== Work task ==
Images excepted, the data below must be repeated exactly.

== Provided data ==
+++

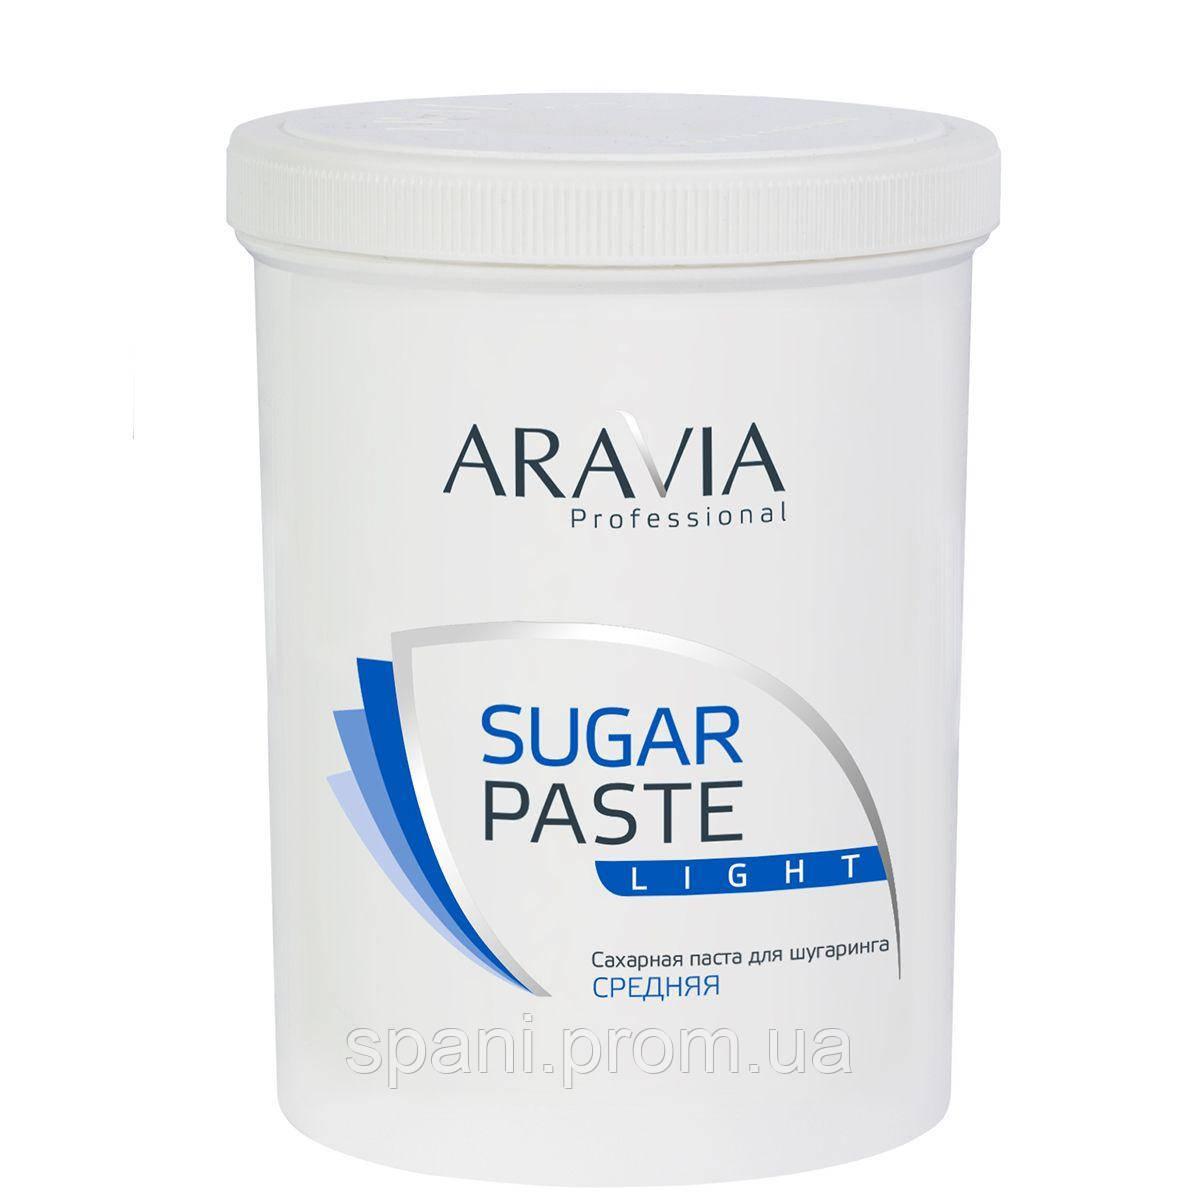 """ARAVIA Professional"" Сахарная паста для депиляции ""Легкая"" средней консистенции 1500 гр."
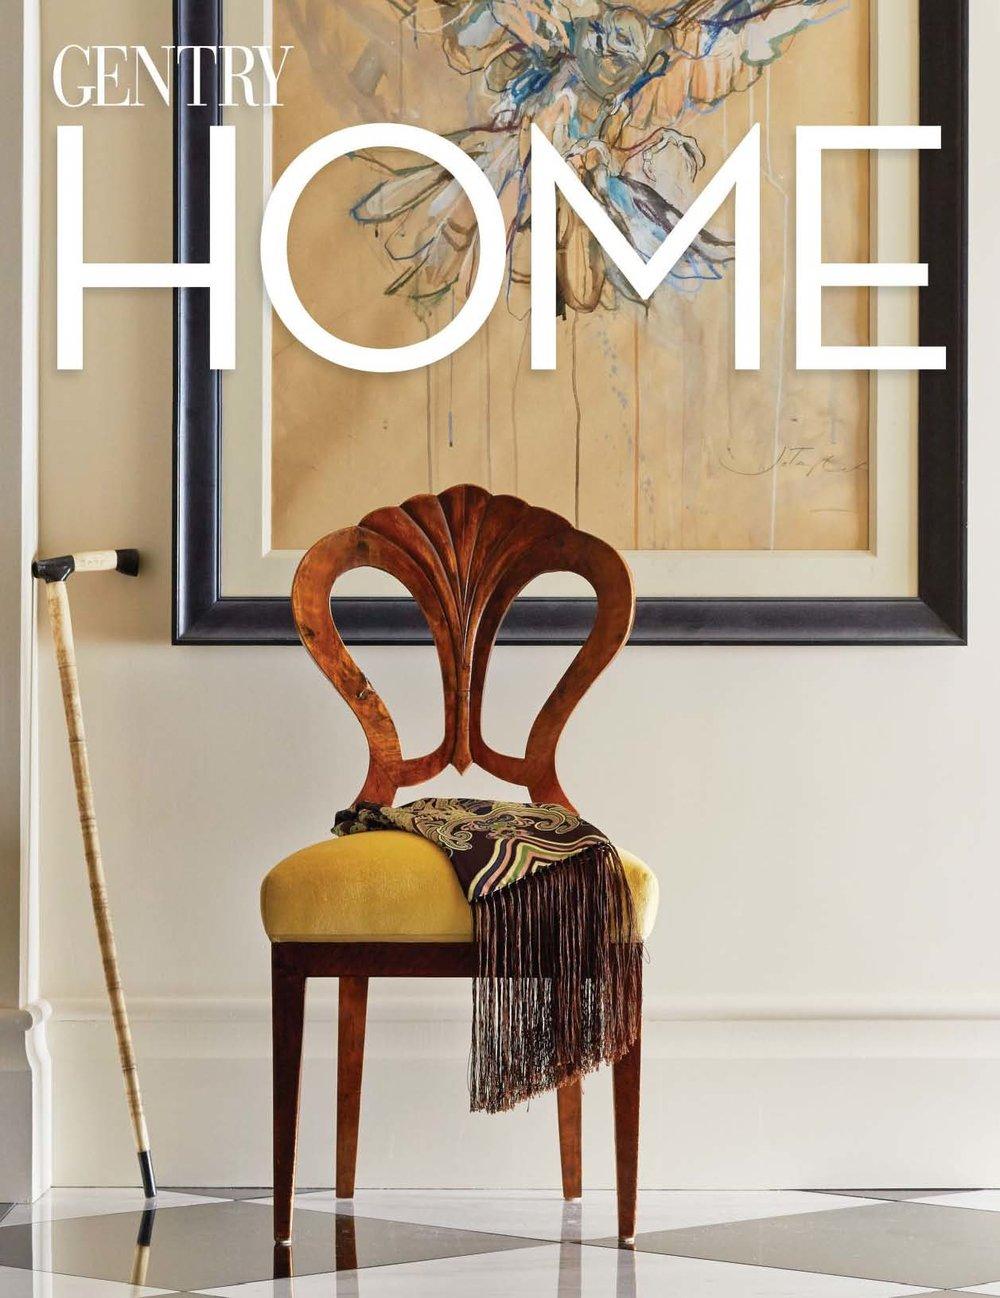 Gentry Home January_Cover.jpg
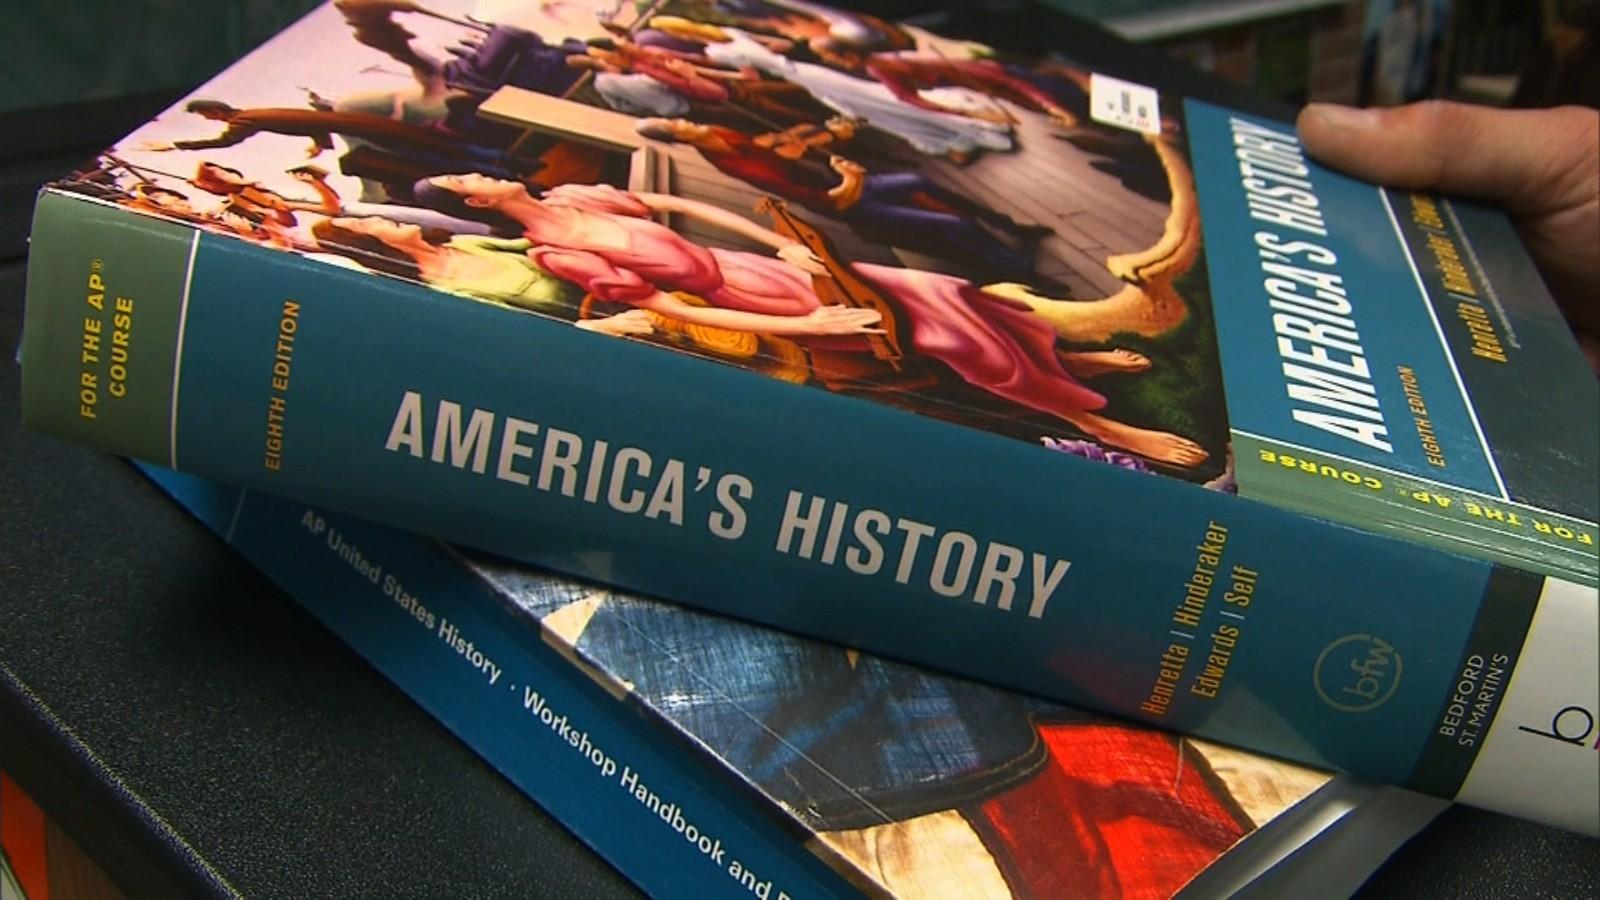 us history dbq essays regents Write an essay in apa format generator coursework essays uk youtube essay about history august 2007 essay regents dbq us august 2007 us history regents dbq.

+++

== Your response ==
 """ARAVIA Professional"" Сахарная паста для депиляции ""Легкая"" средней консистенции 1500 гр."
 Gentry Home January_Cover.jpg
 us history dbq essays regents Write an essay in apa format generator coursework essays uk youtube essay about history august 2007 essay regents dbq us august 2007 us history regents dbq.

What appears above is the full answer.